Saturday, July 24, 2010

Ending it all: the threat to the entire universe

It has been called "the ultimate ecological catastrophe", but even these strong words fail to convey the true horror and finality of a grim kind of natural disaster known to physicists as "vacuum decay".

Forget pandemic viruses that wipe out humanity, asteroid strikes that devastate life on Earth and even black holes that devour the planet. Vacuum decay leaves the entire universe not only lifeless, but without any hope of life for ever more.

Vacuum decay, which is happily only a theoretical prospect, occurs when part of the universe is knocked into a more stable state than it exists in today. This creates a bubble of "true vacuum" that expands at the speed of light. As the bubble grows, it reduces the energy locked up in the vacuum of space and rewrites the laws of nature.
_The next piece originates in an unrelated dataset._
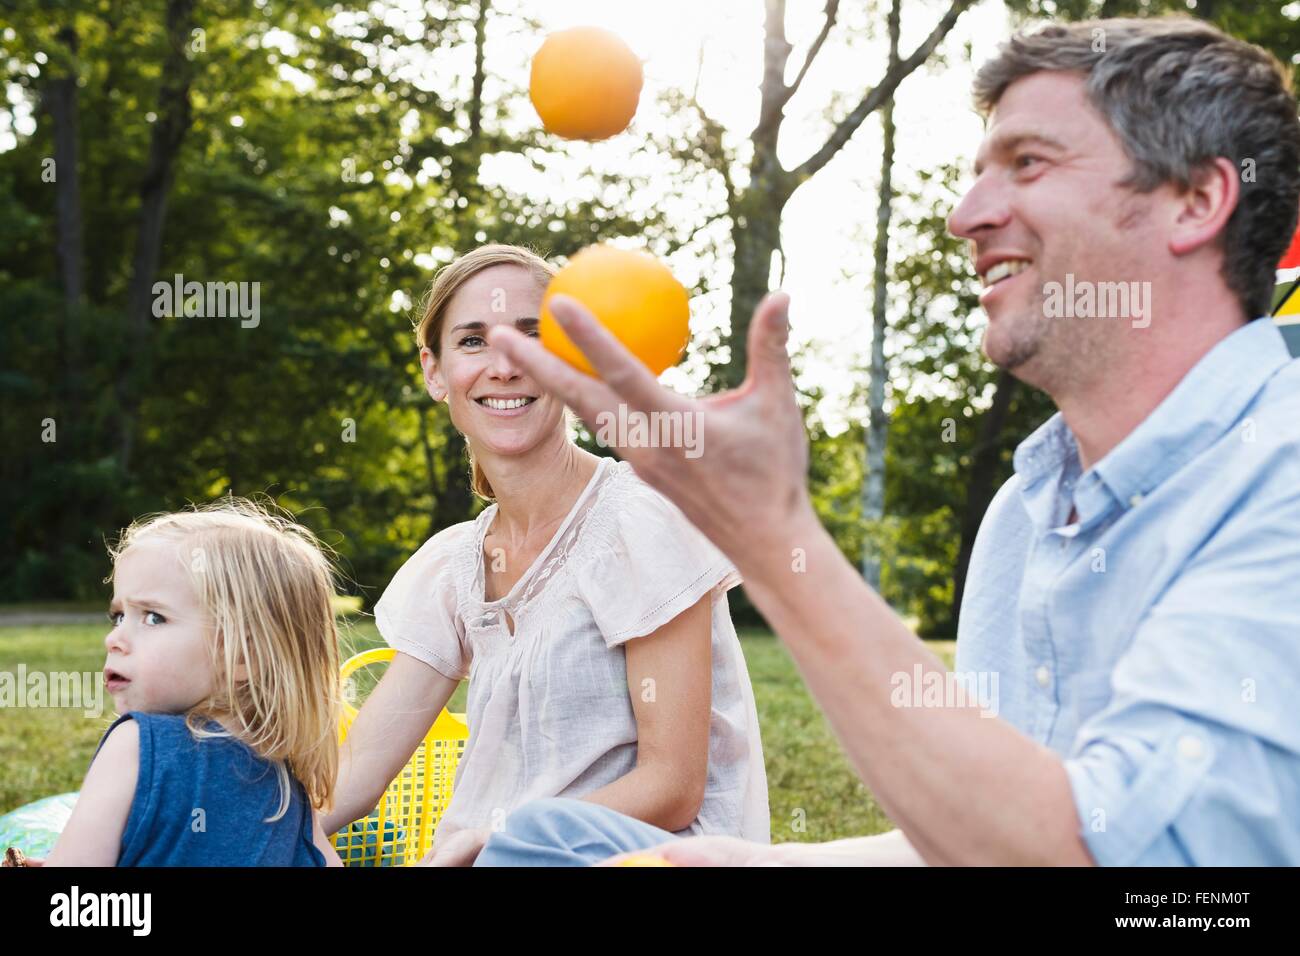 Reifer Mann jonglieren Orangen im Familien-Picknick im park Stockfoto

In 1980, the late Harvard physicist Sidney Coleman published calculations that showed for the first time that vacuum decay was eternally terminal. He wrote: "One could always draw stoic comfort from the possibility that perhaps in the course of time the new vacuum would sustain, if not life as we know it, at least some structures capable of knowing joy. This possibility has now been eliminated."
Theory. So enticing, so disappointing.

2 comments:

Smut Clyde said...

Vacuum decay leaves the entire universe not only lifeless, but without any hope of life for ever more.

More accurate, I think, to say that in the event of the collapse of the vacuum state, the universe will cease to exist and will have never existed in the first place.
Some people might find this a consoling thought.

M. Bouffant said...

Already Happier Editor Responds:

The negation of all, post "existence," is very consoling indeed.